- _WORK ITEM_
Output all entries precisely.

- _LISTED ENTRIES_
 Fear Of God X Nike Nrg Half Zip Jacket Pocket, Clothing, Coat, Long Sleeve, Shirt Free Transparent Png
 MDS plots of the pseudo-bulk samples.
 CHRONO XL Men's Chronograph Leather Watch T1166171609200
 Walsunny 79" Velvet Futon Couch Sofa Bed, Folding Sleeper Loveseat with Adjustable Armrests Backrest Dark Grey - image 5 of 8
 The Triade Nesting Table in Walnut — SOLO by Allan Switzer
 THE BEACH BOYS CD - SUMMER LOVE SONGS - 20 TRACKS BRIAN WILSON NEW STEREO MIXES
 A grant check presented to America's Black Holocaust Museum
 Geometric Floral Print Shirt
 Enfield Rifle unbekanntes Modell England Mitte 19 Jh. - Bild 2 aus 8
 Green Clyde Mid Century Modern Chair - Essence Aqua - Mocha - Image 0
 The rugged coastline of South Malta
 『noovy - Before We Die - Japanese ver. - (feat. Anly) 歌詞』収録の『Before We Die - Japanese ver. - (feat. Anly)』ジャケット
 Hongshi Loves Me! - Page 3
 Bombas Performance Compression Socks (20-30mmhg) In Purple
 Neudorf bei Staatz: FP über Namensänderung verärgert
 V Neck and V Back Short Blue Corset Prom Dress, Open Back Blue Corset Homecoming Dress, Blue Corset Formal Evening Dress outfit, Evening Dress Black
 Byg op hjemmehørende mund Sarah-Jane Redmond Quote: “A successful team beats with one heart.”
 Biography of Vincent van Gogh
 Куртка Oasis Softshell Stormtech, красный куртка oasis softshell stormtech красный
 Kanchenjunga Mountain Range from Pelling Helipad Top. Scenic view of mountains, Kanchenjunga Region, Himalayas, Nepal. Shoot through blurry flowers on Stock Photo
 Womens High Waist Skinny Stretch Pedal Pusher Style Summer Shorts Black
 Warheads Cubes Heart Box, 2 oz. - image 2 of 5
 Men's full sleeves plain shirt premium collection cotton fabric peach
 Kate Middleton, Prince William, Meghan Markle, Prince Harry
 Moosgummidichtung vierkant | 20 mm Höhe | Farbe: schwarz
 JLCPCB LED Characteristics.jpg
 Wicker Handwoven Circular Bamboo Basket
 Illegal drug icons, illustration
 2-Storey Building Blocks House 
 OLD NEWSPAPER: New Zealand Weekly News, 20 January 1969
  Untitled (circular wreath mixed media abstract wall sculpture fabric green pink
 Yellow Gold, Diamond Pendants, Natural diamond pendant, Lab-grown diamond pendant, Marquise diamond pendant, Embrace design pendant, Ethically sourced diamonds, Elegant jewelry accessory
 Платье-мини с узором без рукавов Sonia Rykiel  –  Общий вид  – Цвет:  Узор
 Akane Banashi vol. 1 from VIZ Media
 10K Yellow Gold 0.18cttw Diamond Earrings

- _EXERCISE RESULT_
 Fear Of God X Nike Nrg Half Zip Jacket Pocket, Clothing, Coat, Long Sleeve, Shirt Free Transparent Png
 MDS plots of the pseudo-bulk samples.
 CHRONO XL Men's Chronograph Leather Watch T1166171609200
 Walsunny 79" Velvet Futon Couch Sofa Bed, Folding Sleeper Loveseat with Adjustable Armrests Backrest Dark Grey - image 5 of 8
 The Triade Nesting Table in Walnut — SOLO by Allan Switzer
 THE BEACH BOYS CD - SUMMER LOVE SONGS - 20 TRACKS BRIAN WILSON NEW STEREO MIXES
 A grant check presented to America's Black Holocaust Museum
 Geometric Floral Print Shirt
 Enfield Rifle unbekanntes Modell England Mitte 19 Jh. - Bild 2 aus 8
 Green Clyde Mid Century Modern Chair - Essence Aqua - Mocha - Image 0
 The rugged coastline of South Malta
 『noovy - Before We Die - Japanese ver. - (feat. Anly) 歌詞』収録の『Before We Die - Japanese ver. - (feat. Anly)』ジャケット
 Hongshi Loves Me! - Page 3
 Bombas Performance Compression Socks (20-30mmhg) In Purple
 Neudorf bei Staatz: FP über Namensänderung verärgert
 V Neck and V Back Short Blue Corset Prom Dress, Open Back Blue Corset Homecoming Dress, Blue Corset Formal Evening Dress outfit, Evening Dress Black
 Byg op hjemmehørende mund Sarah-Jane Redmond Quote: “A successful team beats with one heart.”
 Biography of Vincent van Gogh
 Куртка Oasis Softshell Stormtech, красный куртка oasis softshell stormtech красный
 Kanchenjunga Mountain Range from Pelling Helipad Top. Scenic view of mountains, Kanchenjunga Region, Himalayas, Nepal. Shoot through blurry flowers on Stock Photo
 Womens High Waist Skinny Stretch Pedal Pusher Style Summer Shorts Black
 Warheads Cubes Heart Box, 2 oz. - image 2 of 5
 Men's full sleeves plain shirt premium collection cotton fabric peach
 Kate Middleton, Prince William, Meghan Markle, Prince Harry
 Moosgummidichtung vierkant | 20 mm Höhe | Farbe: schwarz
 JLCPCB LED Characteristics.jpg
 Wicker Handwoven Circular Bamboo Basket
 Illegal drug icons, illustration
 2-Storey Building Blocks House 
 OLD NEWSPAPER: New Zealand Weekly News, 20 January 1969
  Untitled (circular wreath mixed media abstract wall sculpture fabric green pink
 Yellow Gold, Diamond Pendants, Natural diamond pendant, Lab-grown diamond pendant, Marquise diamond pendant, Embrace design pendant, Ethically sourced diamonds, Elegant jewelry accessory
 Платье-мини с узором без рукавов Sonia Rykiel  –  Общий вид  – Цвет:  Узор
 Akane Banashi vol. 1 from VIZ Media
 10K Yellow Gold 0.18cttw Diamond Earrings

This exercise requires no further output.